Rumsfeld: Hunt for bin Laden far from over
WASHINGTON (CNN) -- Although the Taliban are retreating in Afghanistan, the hunt for terrorist leader Osama bin Laden is far from over, Defense Secretary Donald Rumsfeld said Monday.
"As enemy leaders become fewer and fewer that does not necessarily mean that the task will become easier," Rumsfeld told reporters at the Pentagon. "People can hide in caves for long periods, and this will take time."
Over the weekend, U.S. planes bombed bunkers near Kabul and a U.S. air raid last week is believed to have killed Mohammed Atef, al Qaeda's military chief.
Although special operations troops are in the southern and southeastern part of the country where bin Laden may be hiding, Rumsfeld said he did not know whether U.S. troops have begun searching caves and tunnels.
President Bush said Monday that "if our military knew where Mr. bin Laden was, he would be brought to justice."
He noted, however, that as anti-Taliban forces advance, "the more people we've got looking" for the suspected terrorist mastermind.
"The noose is beginning to narrow. The net is getting tighter," Bush told reporters following an afternoon meeting with his Cabinet.
Some reports last week suggested bin Laden may have fled Afghanistan, but the opposition Northern Alliance believes he is still there, said Haron Amin, the opposition's representative to the United Nations.

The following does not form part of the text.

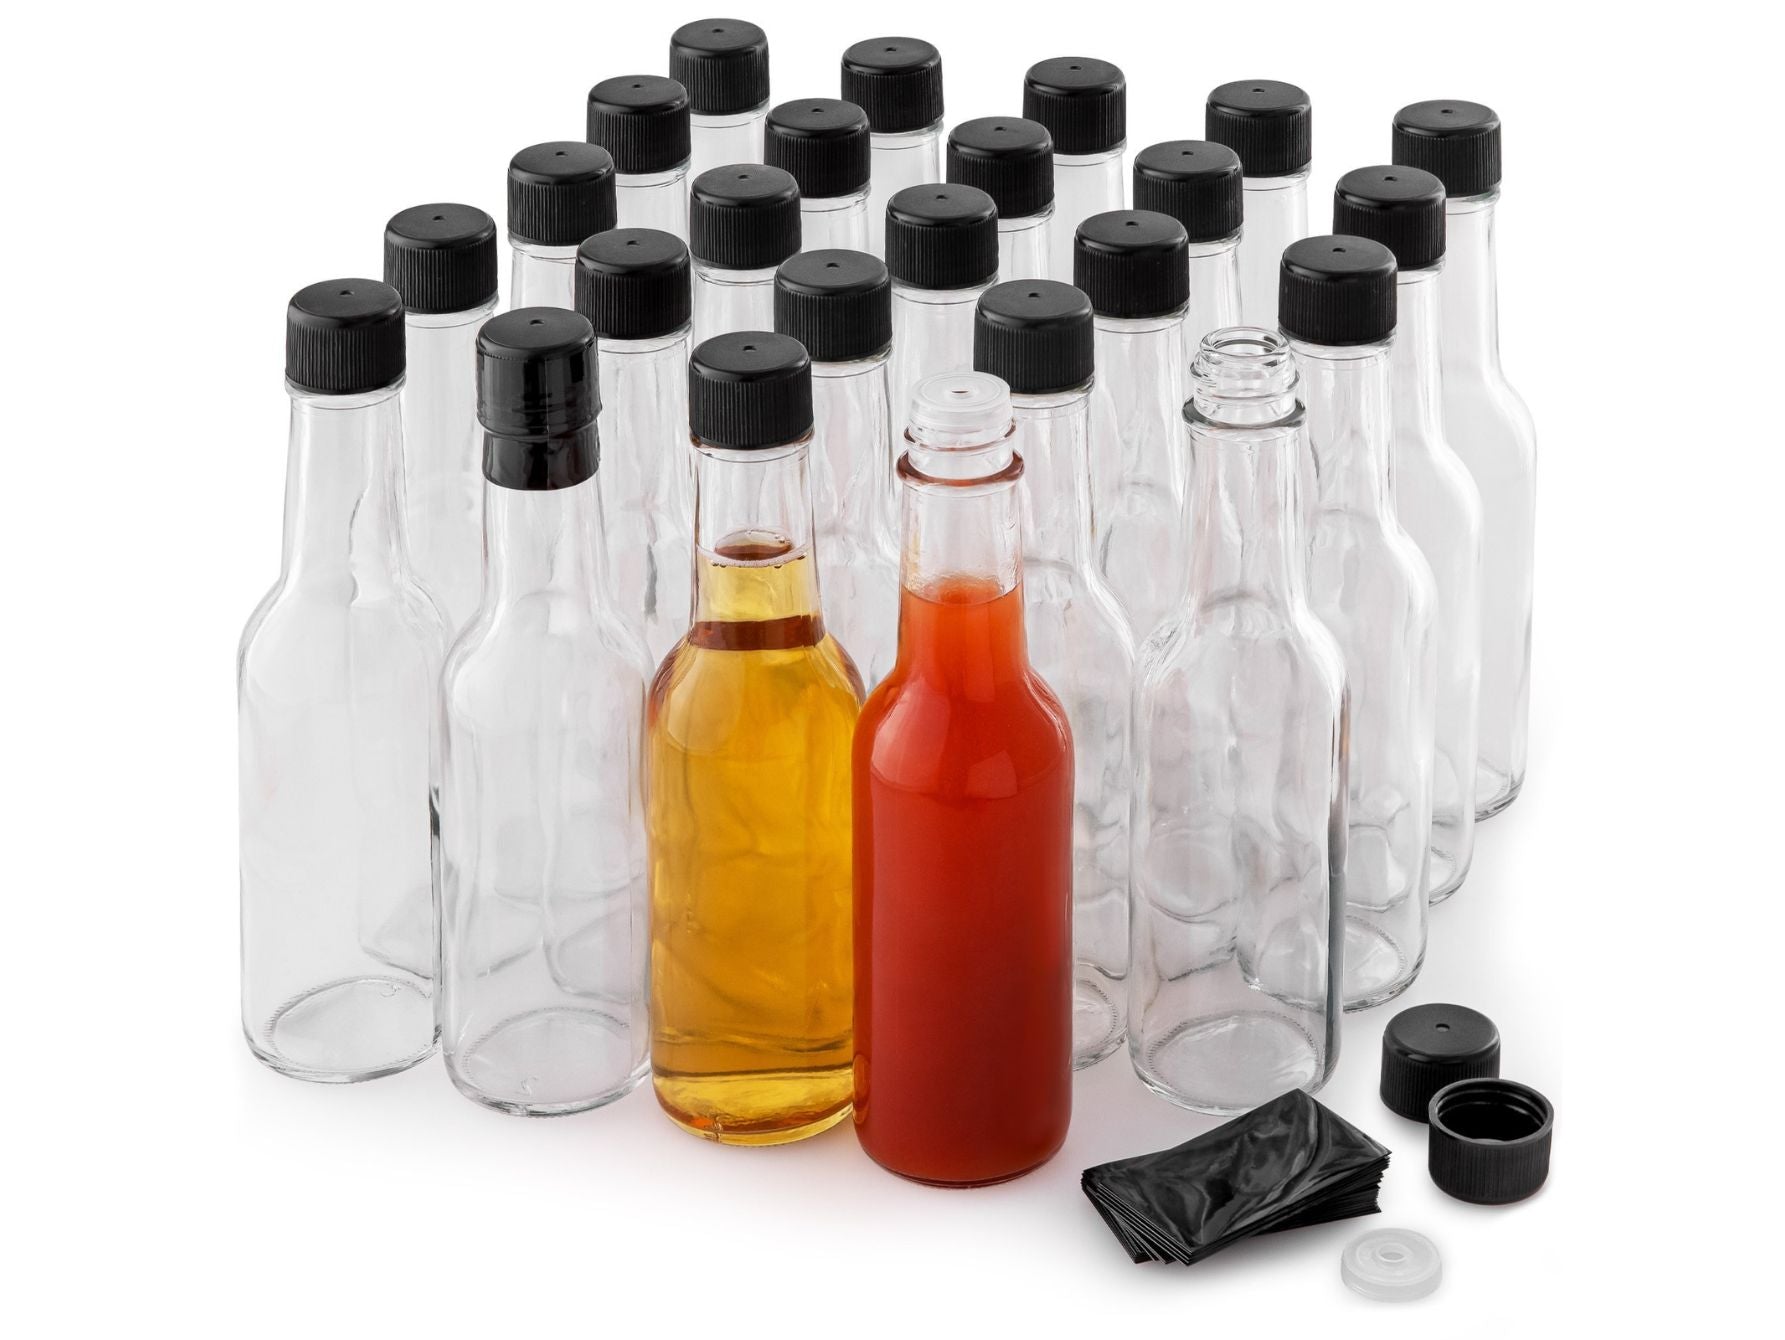 Simple Craft Hot Sauce Glass Bottles (5 oz) - 24 Pcs

"Our intelligence tells us he is still in Afghanistan," Amin said. "I think the U.S. apprehension was right in deploying some of these special forces across the border and making sure he wouldn't take that venue into Pakistan."

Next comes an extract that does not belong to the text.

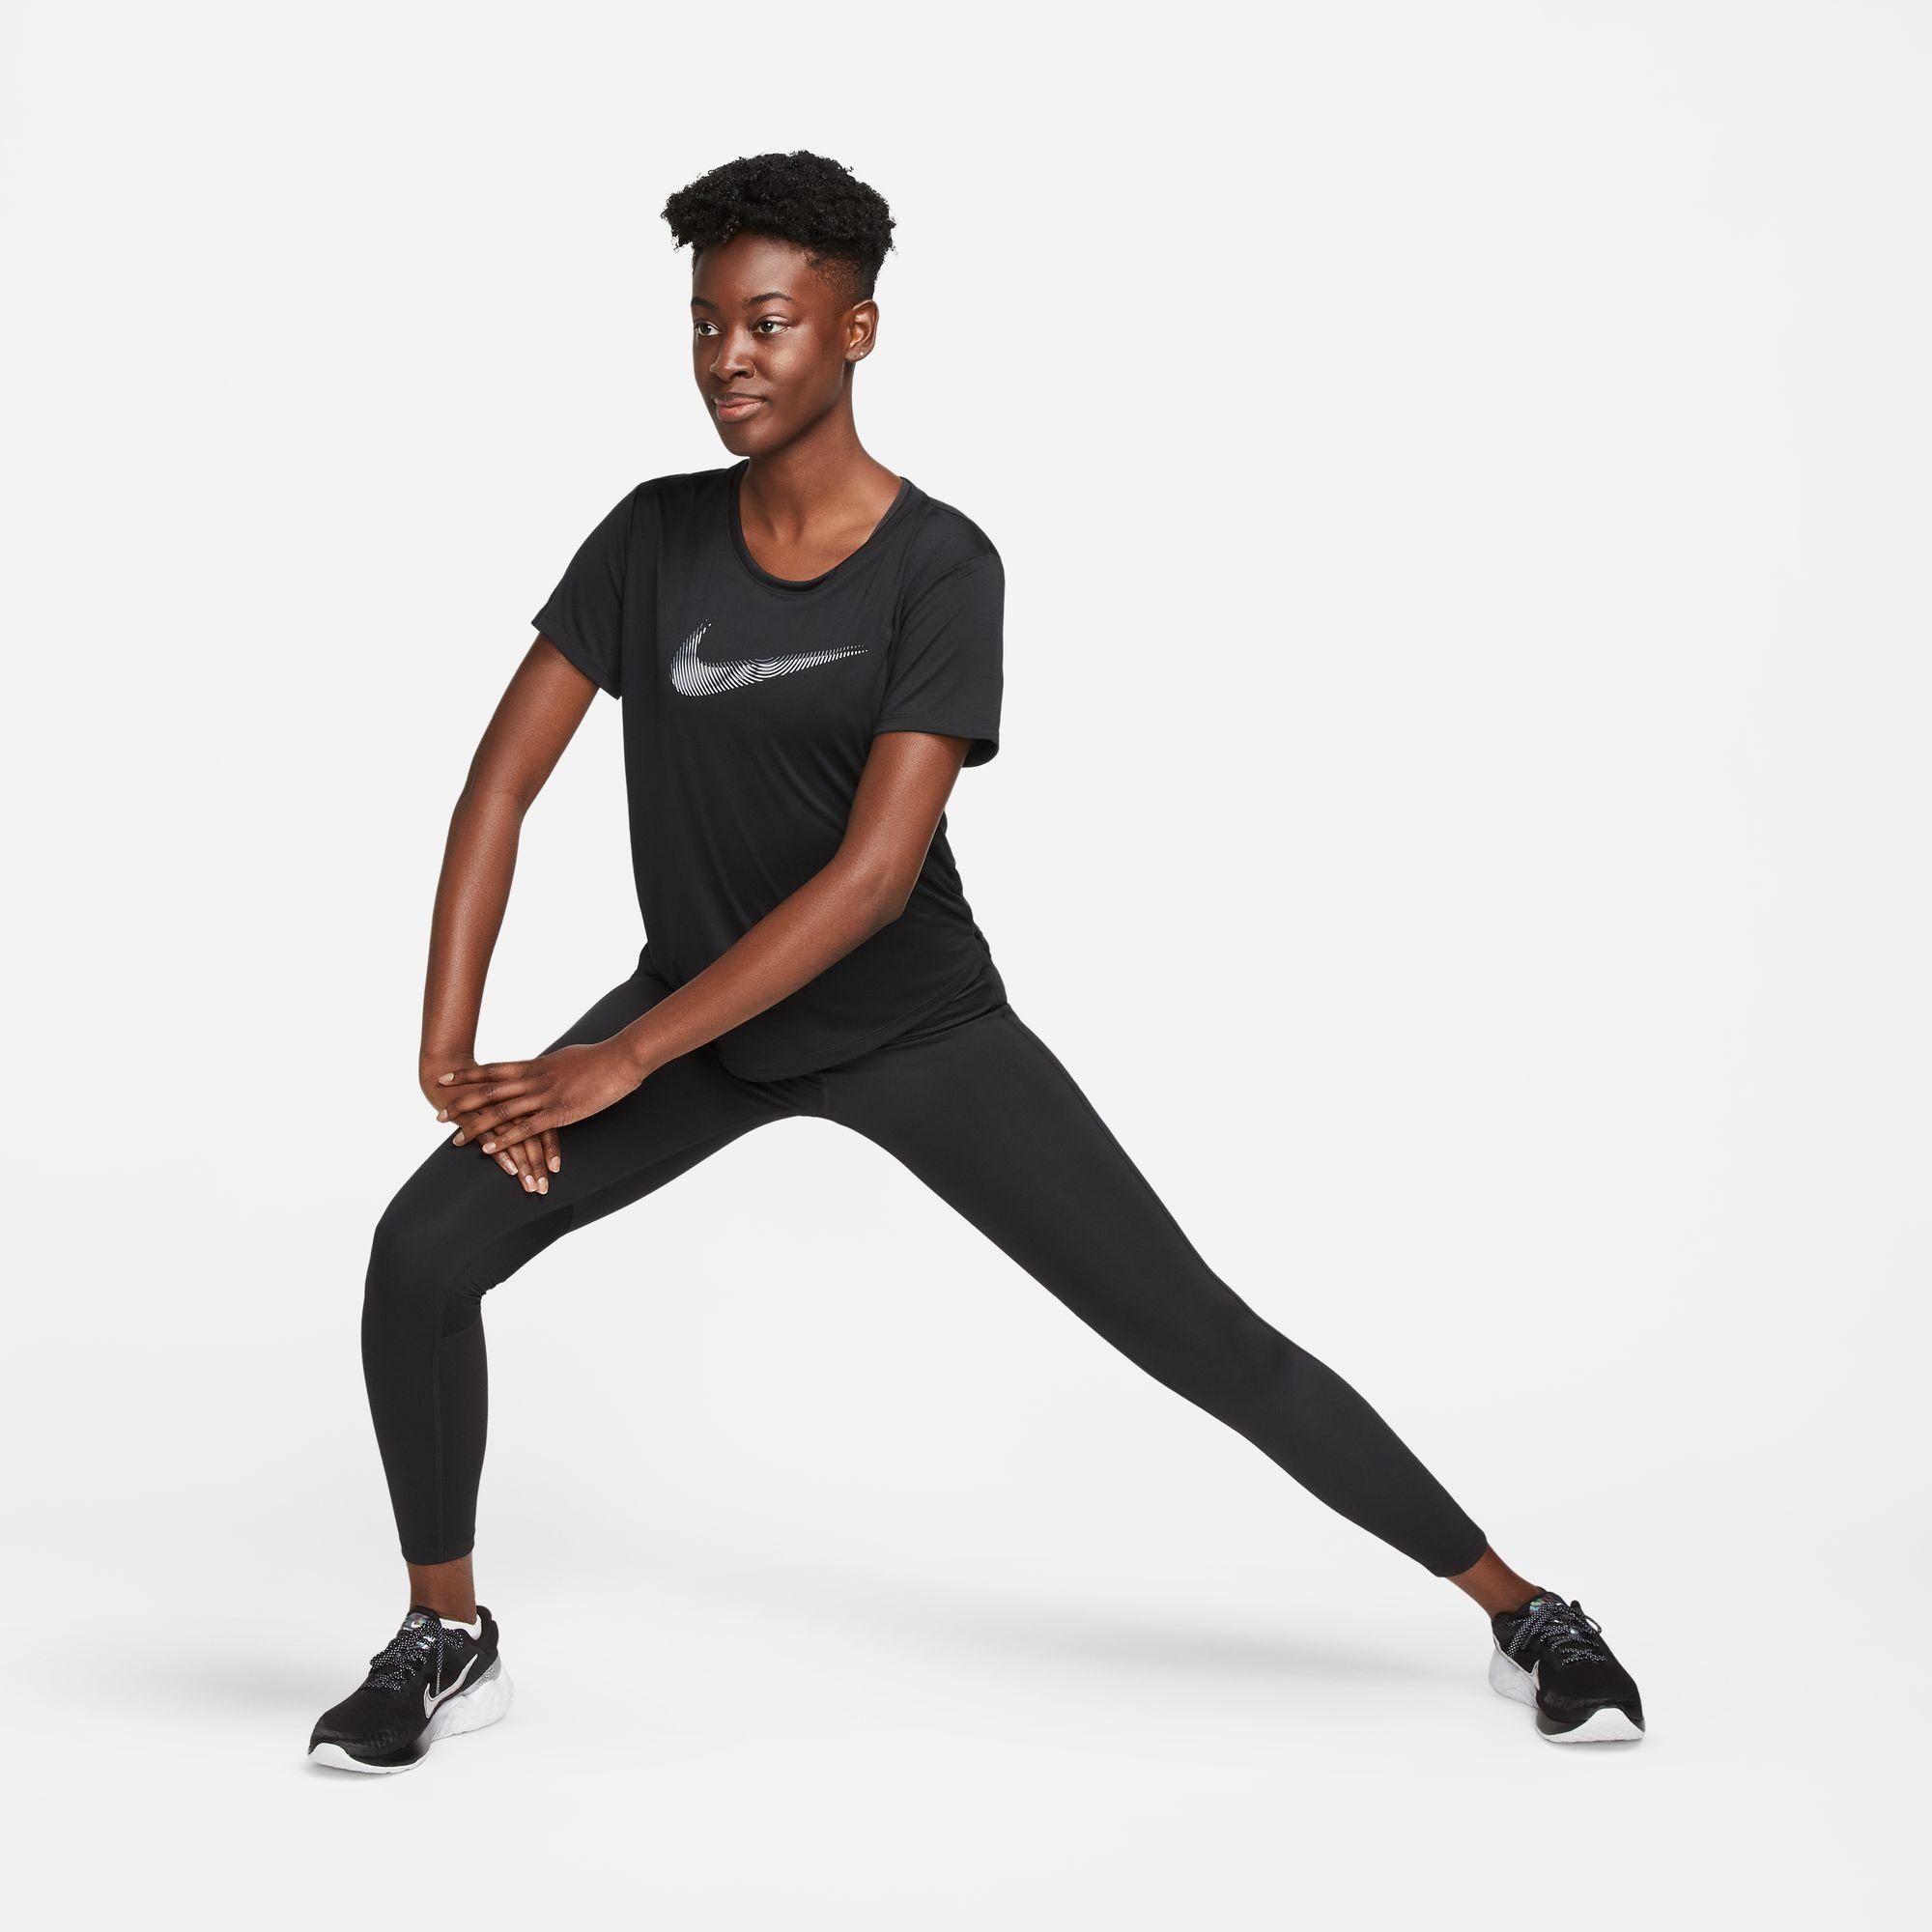 SWOOSH Laufshirt Nike RUNNING BLACK/COOL GREY TOP WOMEN'S SHORT-SLEEVE DRI-FIT

Washington is offering a $25 million reward for bin Laden and for each of the other al Qaeda leaders, including bin Laden's top surviving lieutenant, Ayman al-Zawahiri.

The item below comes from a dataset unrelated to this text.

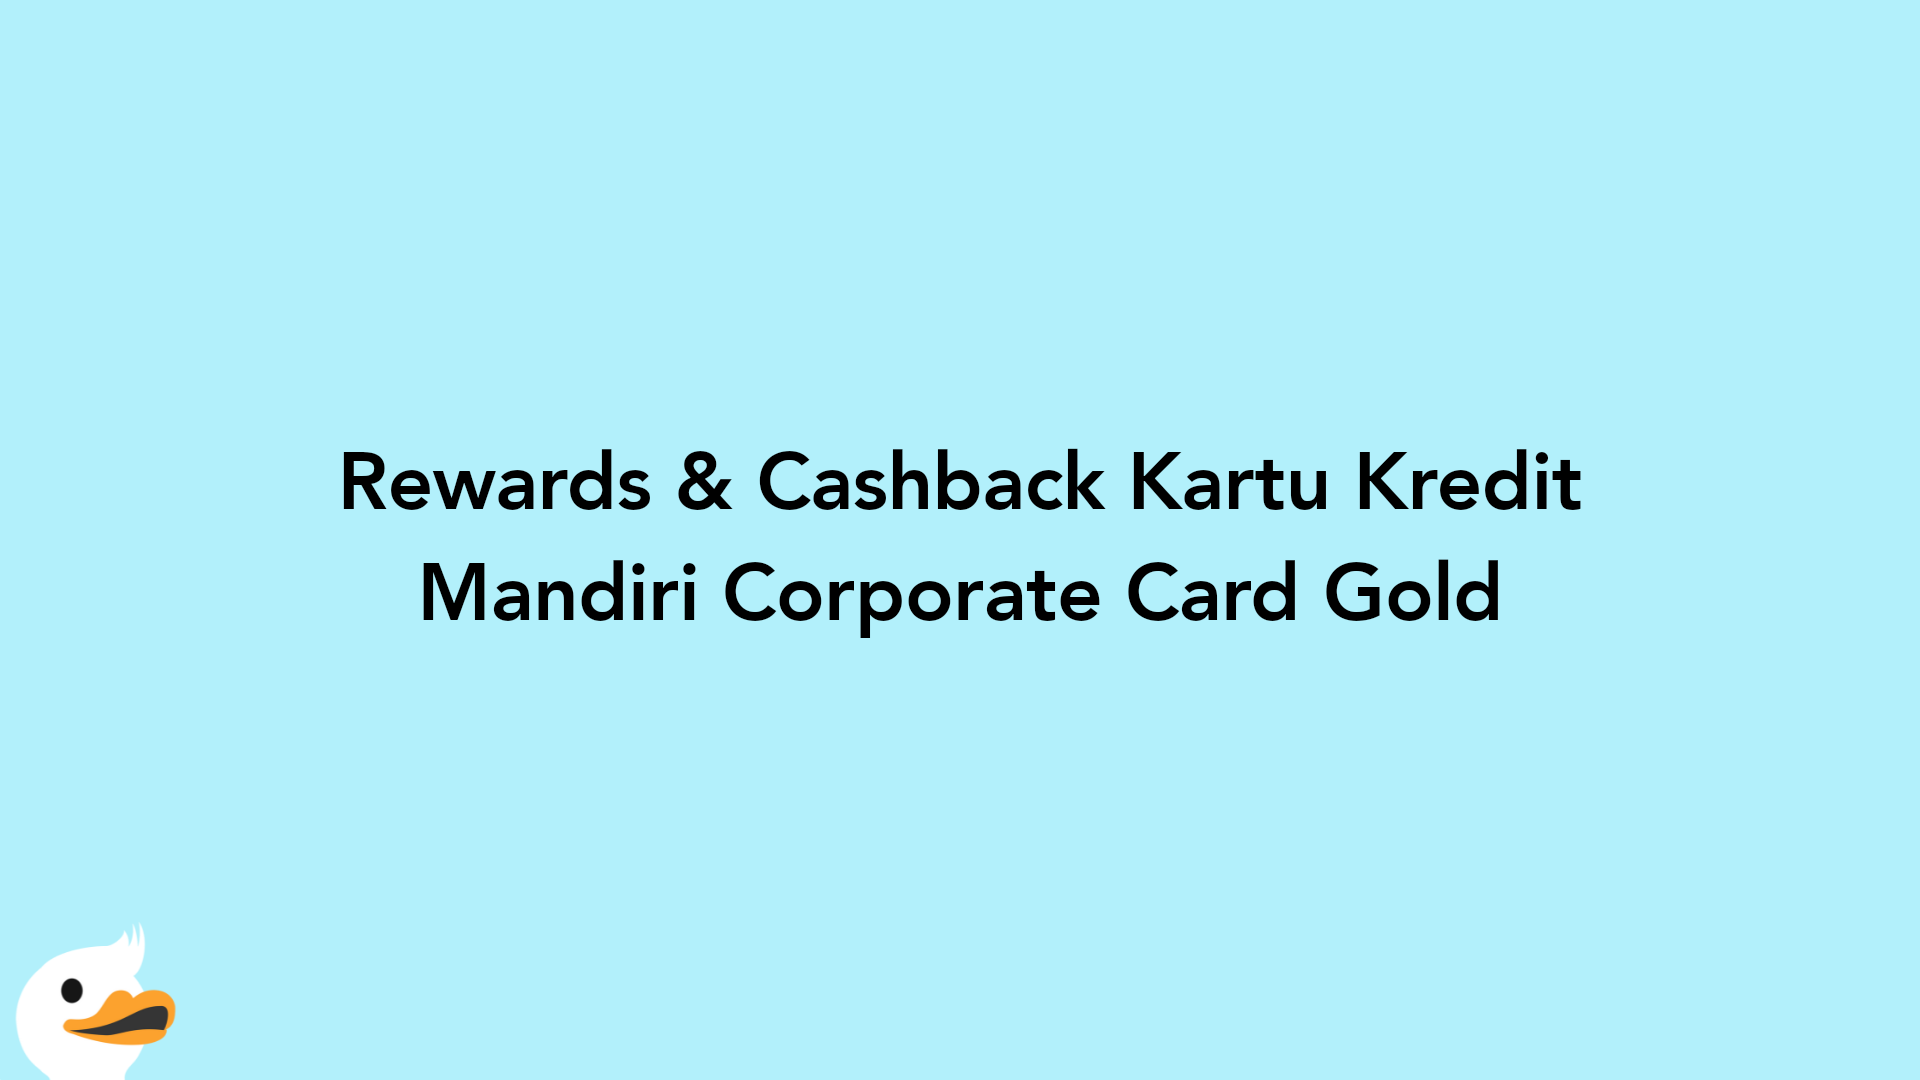 Rewards & Cashback Kartu Kredit Mandiri Corporate Card Gold

Rumsfeld said U.S. officials are having reward leaflets dropped "like snowflakes in December in Chicago," hoping to induce "a large number of people to begin crawling through those tunnels and caves looking for the bad folks."
"There is no question there are people out looking," Rumsfeld said.
Some of the caves Rumsfeld referred to have been converted into elaborate, multi-level shelters capable of storing ammunition and fuel as well as quartering troops.
Such caves aided Afghan guerrillas in their successful, decade-long struggle against the Soviets in the 1980s, and U.S. forces are hoping intelligence from surrendering or defecting Taliban troops could help them pinpoint bin Laden's location.
"We have been targeting caves and tunnels and closing them up and getting a lot of secondary explosions, in some cases, when they were used for ammunition storage," Rumsfeld said.
"We have been targeting command and control and leadership activities where we get information that leads us to believe that al Qaeda and Taliban leaders are gathered, and we have been targeting those facilities."
Retired Army Sgt. Maj. Andy Neil, who performed similar searches as a so-called "tunnel rat" in Vietnam, told CNN the missions were among the most "nerve-wracking" of his career.
"The air is bad. There's all kinds of critters," Neil said. "Nerves are very tense. You can't see, and it's very dangerous -- mines, booby traps."
Neil said soldiers going into caves are lightly armed and typically chosen for their small stature.
"Once you get in the holes, it's a very psychological disadvantage to the individual who is doing the crawling," he said in an on-air interview.
"You're on their territory and you can't see. If you're using a light -- a flashlight, for instance -- you can only see a small distance, where that light will reflect great distances that they can see."